Instrumental Power Strategy
 
Instrumental violence refers to intentional threat or use of force as a means to an end, or as a strategy, which is beyond the pure releasing of inner tensions. The theorists, who applied the instrumentality dimension in their conception of violence, faced a difficulty and were criticized for using this dichotomy as a single dimension. The problem here is that both expressiveness and instrumentality are not necessarily mutually exclusive. As Gelles (1979: 557) points out, “there will be many situations where an instrumentally focused violent act also contains strong expressive components”. In spite of a big complexity, many violent acts, nevertheless, may be identified as primarily instrumental within a reasonable reliability, and expressive/instrumental dichotomy may, thus, serve as a useful analytical tool to grasp the broader picture of the phenomenon under consideration.
This perspective views offenders as fully conscious, rational, and goal directed human beings, who use violence intentionally as immediate and effective instrument to achieve these goals.
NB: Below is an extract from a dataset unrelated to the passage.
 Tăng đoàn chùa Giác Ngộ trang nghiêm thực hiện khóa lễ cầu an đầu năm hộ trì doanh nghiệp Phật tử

As an individual is at the center of his/her intentional motives and actions, they frequently lead to meaningful conflicts between individuals, with violence being one of the means to resolve them. There are several theories, crossing different disciplines, which inform about instrumental power discourse in their formulation of the problem.
 
The conflict perspective within the sociological tradition assumes the conflict as inevitable part of human interaction. Imbalances and tensions of self-interests are thought to occur between interrelated parts within any social group and system. Family is particularly vulnerable to conflicts, because of the multiple and conflicting interests of family members, also its exclusively private nature, and resistance to public interference. Violence in this system serves as a powerful mode of advancing one’s interests when other modes of conflict management fail[5]. Similarly, resource theory, as articulated by Goode (1971), assumes that all social systems rest to some degree on force or its threat, and that the members of a system have vested interests in the way the system is organized. He also argues (ibid.), that the greater resources a person can command, the more force he can muster. Violence is, thus, viewed as an instrument or ultimate resource to maintain or advance one’s interests when other resources, such as little education or low income, are insufficient or lacking. The use of violence is further influenced by societal norms, maintaining its appropriateness as a method of sustaining power.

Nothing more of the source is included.